Я сел играть в первый раз, не зная, понятия не имея, что шустырным, пустым играть не садись, потому как не расплатишься — придохают. Меня, пожалуй, и придохали б, прибили бы под тем дальневосточном Хабаровском, если б пахан под опеку не взял, которого я на гитаре играть учил, а он меня — по фене курсать и жить по понятиям: не балай пуляный пурт…
Не возьми брошенный нож. Ибо кто–то им кого–то прирезал, а ты за кого–то сядешь.
В бараке днем и ночью доберили, в карты играли, и однажды коринец приблудный, мужик пожилой переночевать зашел — и к светухам, к картежникам сразу: «Талан на майдан!..» Сел играть и проигрался, много проиграл и наодолжал еще, а как отдавать, так оказалось — лары–на–ны… Ему киф темный устроили, отметелили, одеяло набросив, и тем бы все обошлось, но у коринца, пока он под одеялом крутился, фуфайка по швам прорвалась — и из нее рыжик зашитый, червонец золотой, еще царский, вывалился. Коринец божиться стал, что скрячил, на базаре телогрейку старую спер и не знал про рыжик, но не поверил никто — и светухи взбешенные в тесто коринца смесили. Жить в том месиве не было уже кому, из черепа мозги вываливались, а коринец все похрипывал, красные пузыри пуская, так пахан пожалел — и ножом… За бараком начиналось поле капустное — там и закопали, вновь капусту повтыкав сверху.
Ночь, как коринец в кифе темном, я под одеялом крутился, прикидывал, как быть, — и выходило, что так, будто не случилось ничего, мне перед самим собой не выкрутиться: на моих глазах человека убили.
Утром в милицию в Хабаровск подался, а менты меня пахану сдали: по понятиям менты с паханами жили в Хабаровске.
Такого я, конечно, не ожидал: времена были не нынешние — и бандиты считались бандитами, а менты ментами…
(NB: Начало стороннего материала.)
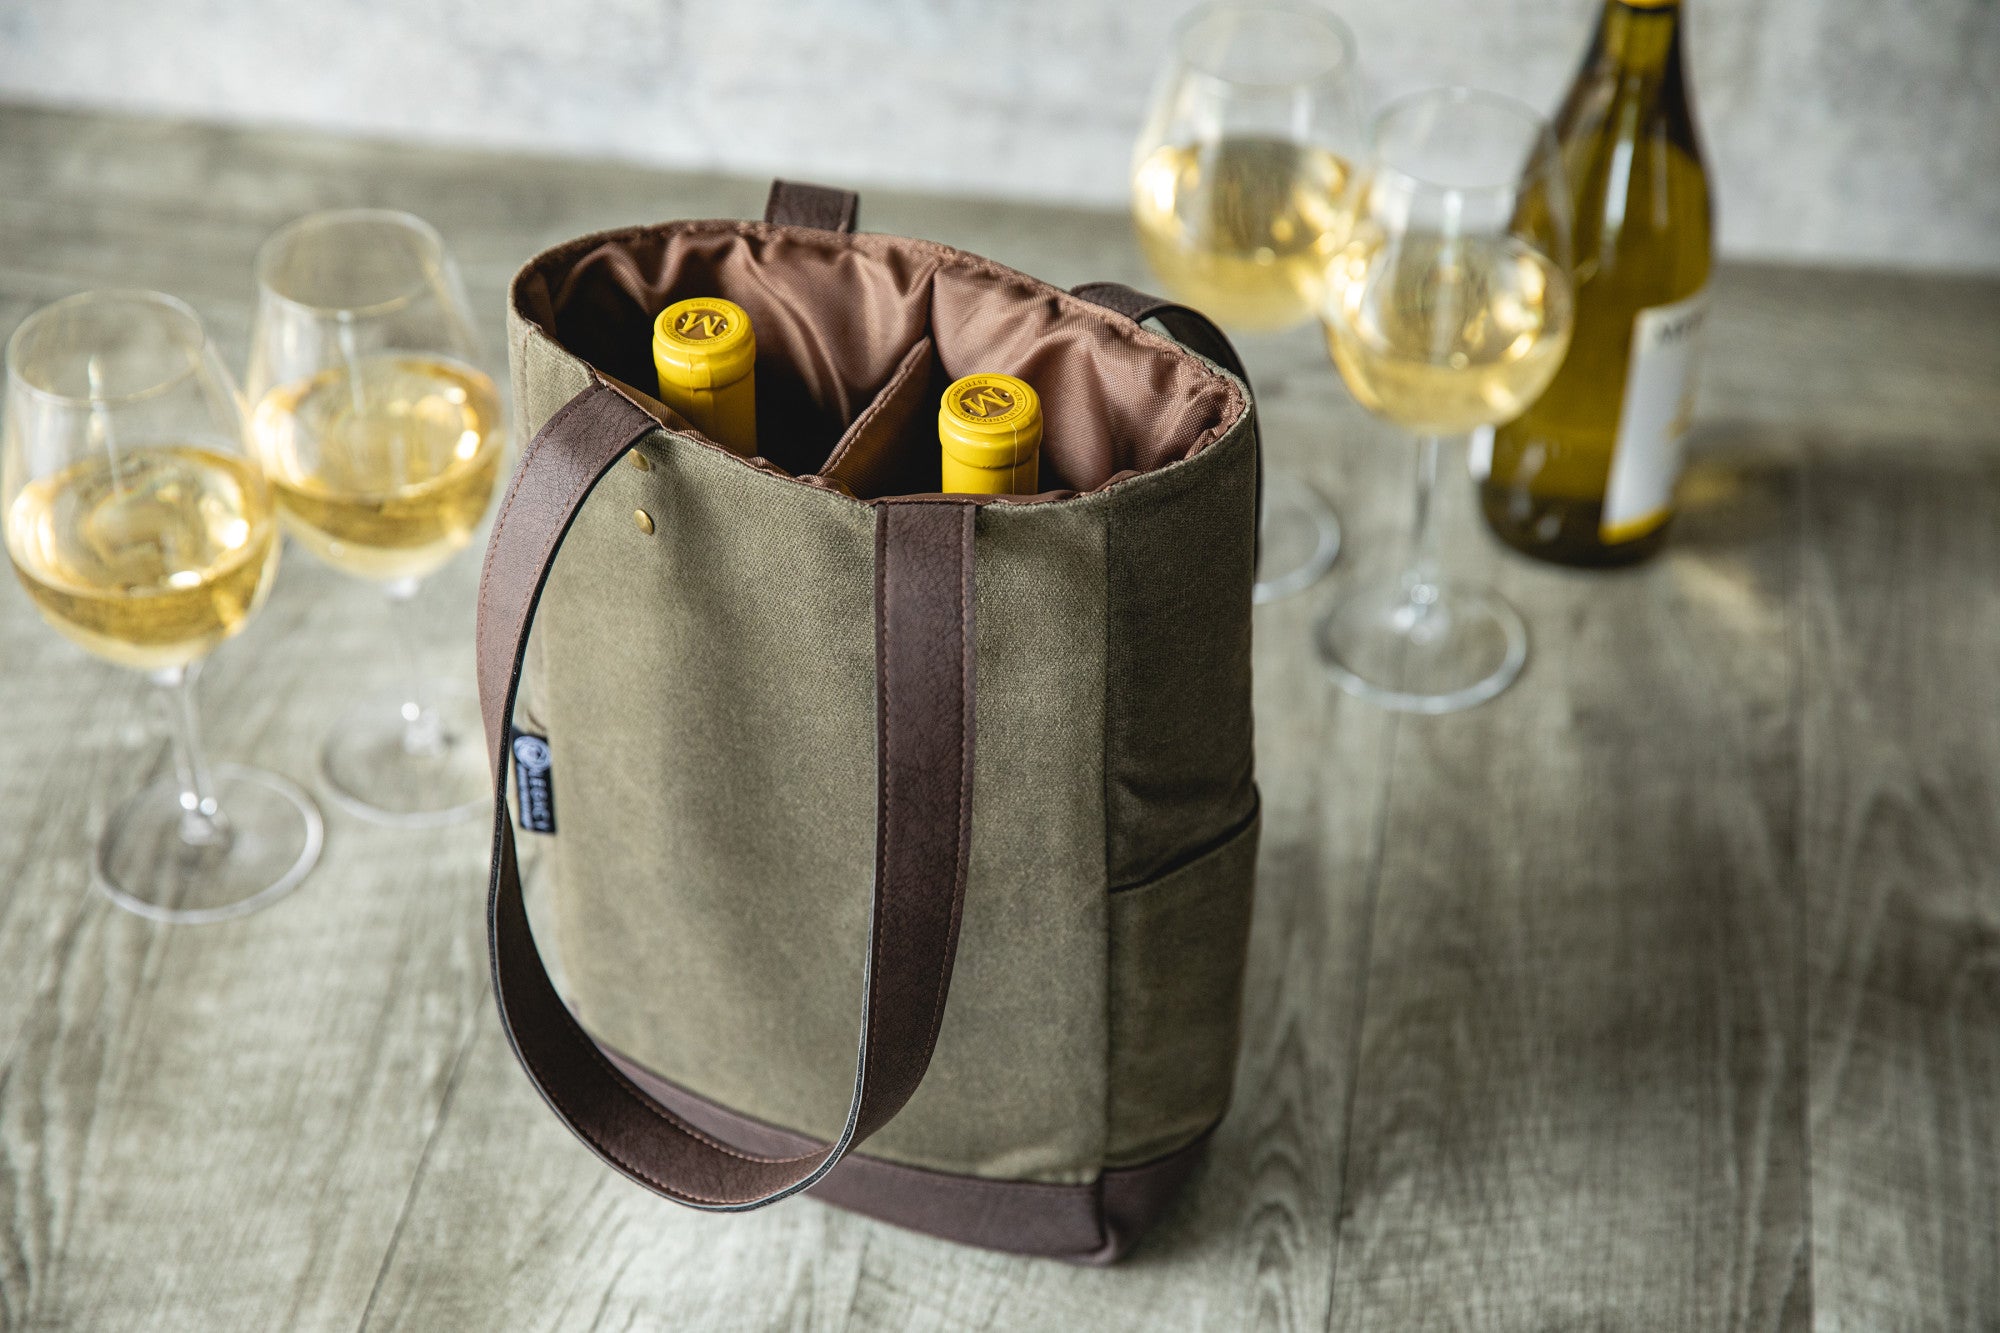 Florida State Seminoles - 2 Bottle Insulated Wine Cooler Bag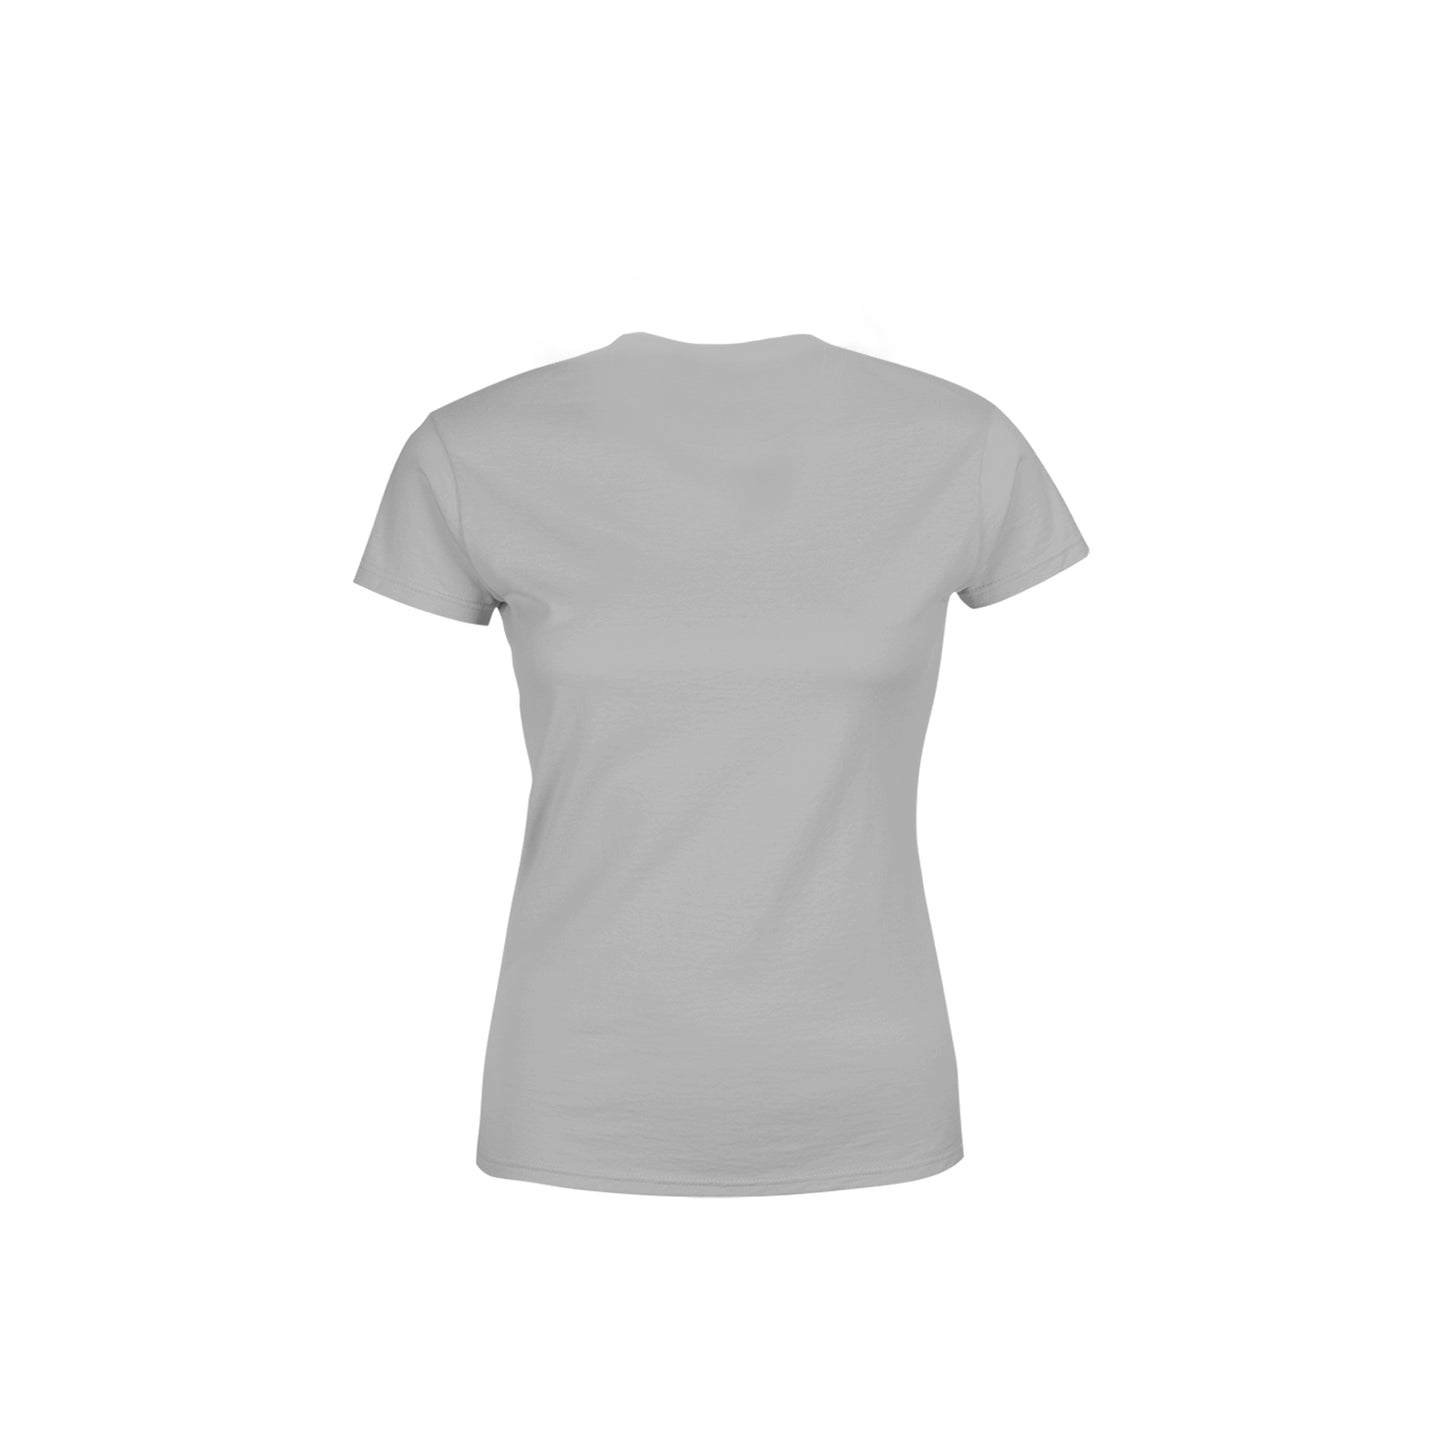 00 Number Women's T-Shirt (Melange Grey)

Как–то с Крабичем и братом–мильтоном выпивая, я вспомнил про это — Крабич не удивился. Сказал, что вся страна такая: ракетно–космически–цэковско–ментовски-паханская… Брат–мильтон проще объяснил: «С пахана слам на гурт, в лапу ментам, а с тебя — только лишняя проблема». Брат–мильтон тоже по фене курсал и знал, о чем говорил…
Пахан на поле привел, лопату дал: копай, капусту сажать будем.
Что такое самому себе могилу копать, понять может только тот, кто сам себе могилу копал. А я думал ко всему… цепенел, думая: как же в тесноте такой лежать буду? — и брал на штык шире…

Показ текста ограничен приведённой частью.